The PCSEL 1 of FIG. 1 further comprises a second cladding layer 25, which is arranged on the second waveguide layer 15. The second cladding layer 25 forms an interface with the second waveguide layer 15. In other words, the second waveguide layer 15 is arranged between the second cladding layer 25 and the active layer 5. The second cladding layer 25 is optional. The second cladding layer 25 may comprise a semiconductor material. The second cladding layer 25 may preferably be undoped. The second cladding layer 25 may be thinner in the transversal direction z than the first cladding layer 20. The second cladding layer 25 forms a surface 25′. The surface 25′ is opposite the second waveguide layer 15, i.e. faces away from it. The surface 25′ may also be referred to as the emission side 25′. This may mean that the electromagnetic radiation 99 generated by the active layer 5 is emitted from the PCSEL 1 via the emission side 25′ following manipulation by the photonic crystal 40.

The PCSEL 1 according to FIG. 1 further comprises a contact layer 34. The contact layer 34 is arranged on the first cladding layer 20, i.e. on the contact side 20′, at least in certain regions. The contact layer 34 may be a highly doped semiconductor layer. The contact layer 34 may be part of a first or a second contact element 31, 32, by means of which the at least one n- or p-connection region 21, 22 is electrically contacted. In the example shown, the contact layer 34 is part of the second contact element 32, by means of which the n-connection region 22 is electrically contacted. The contact layer 34 is patterned such that only n-connection regions 22 of the first cladding layer 20 are covered by it and the other regions of the first cladding layer 20, which correspond to the p-connection regions 22, are exposed.

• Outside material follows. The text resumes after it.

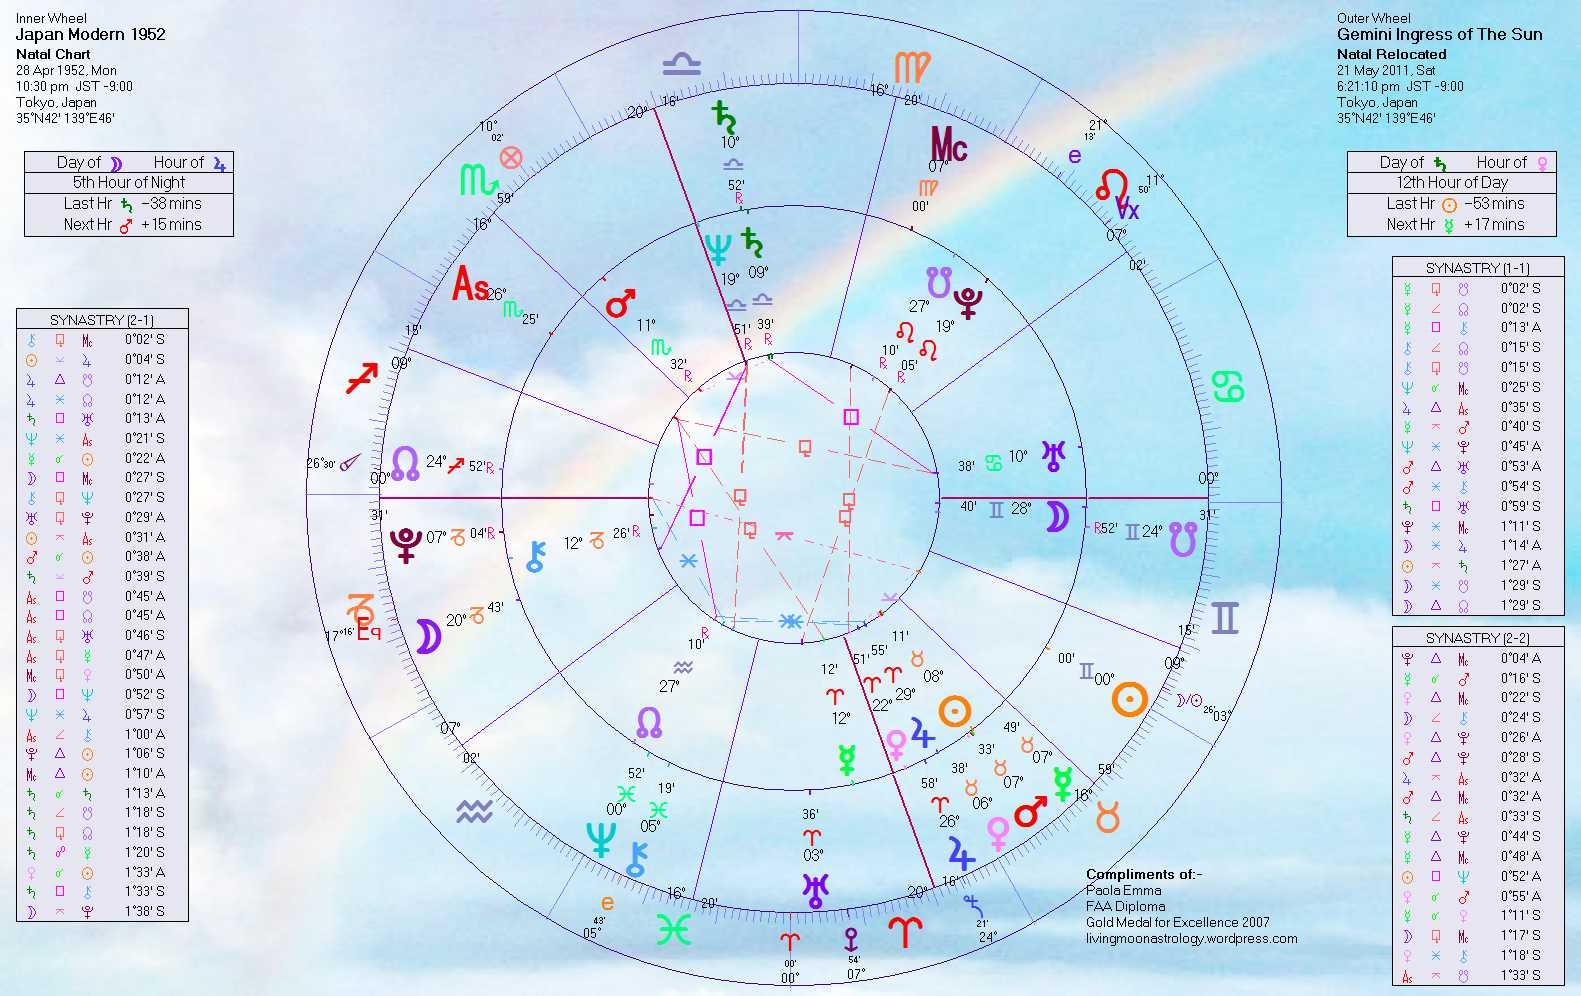 2011 sun ingress in gemini modern japans birth chart home of hot spots around the world horoscopes for the ingress of the sun in gemini may 21 2011 2011 sun ingress in gemini modern japans birth chart nvjuhfo Gallery

The PCSEL 1 according to FIG. 1 further comprises a further contact layer 33 which is arranged on the contact layer 34. The further contact layer 33 may comprise a metal, for example. The further contact layer 33 is patterned and covers regions of the contact layer 34. The contact layer 34 and the further contact layer 33 together form the second contact element 32. The PCSEL 1 comprises a plurality of second contact elements 32, corresponding to the number of n connection regions 22. The PCSEL 1 further comprises a first contact element 31 which is arranged on the p-connection region. The first contact element 31 may comprise a metal, for example. The first contact element 31 is patterned and covers the p-connection regions 21. The PCSEL 1 comprises a plurality of first contact elements 31, corresponding to the number of p-connection regions 21.

Referring to FIG. 2, a further exemplary embodiment of the PCSEL 1 is shown. The exemplary embodiment of FIG. 2 differs from the exemplary embodiment of FIG. 1 in that the further regions 42 of the second waveguide layer 15 are formed by recesses in the second waveguide layer 15. Here, the recesses of the second waveguide layer 15 are formed by trenches or holes extending from the surface 25′ of the second cladding layer 25 into the second waveguide layer 15. The second cladding layer 25 is again optional. A diameter of the trenches may be in the nanometer range. The shape of the trenches may be cylindrical, i.e. when viewed from a top view, the trenches may have a circular or elliptical profile (see FIG. 7). However, it is also possible for the trenches to have a different profile, e.g. polygonal, in particular triangular or quadrangular. In the transversal direction z, the trenches may reach close to the active layer 5. However, a trench foot of the trenches remains at a distance from the active layer 5.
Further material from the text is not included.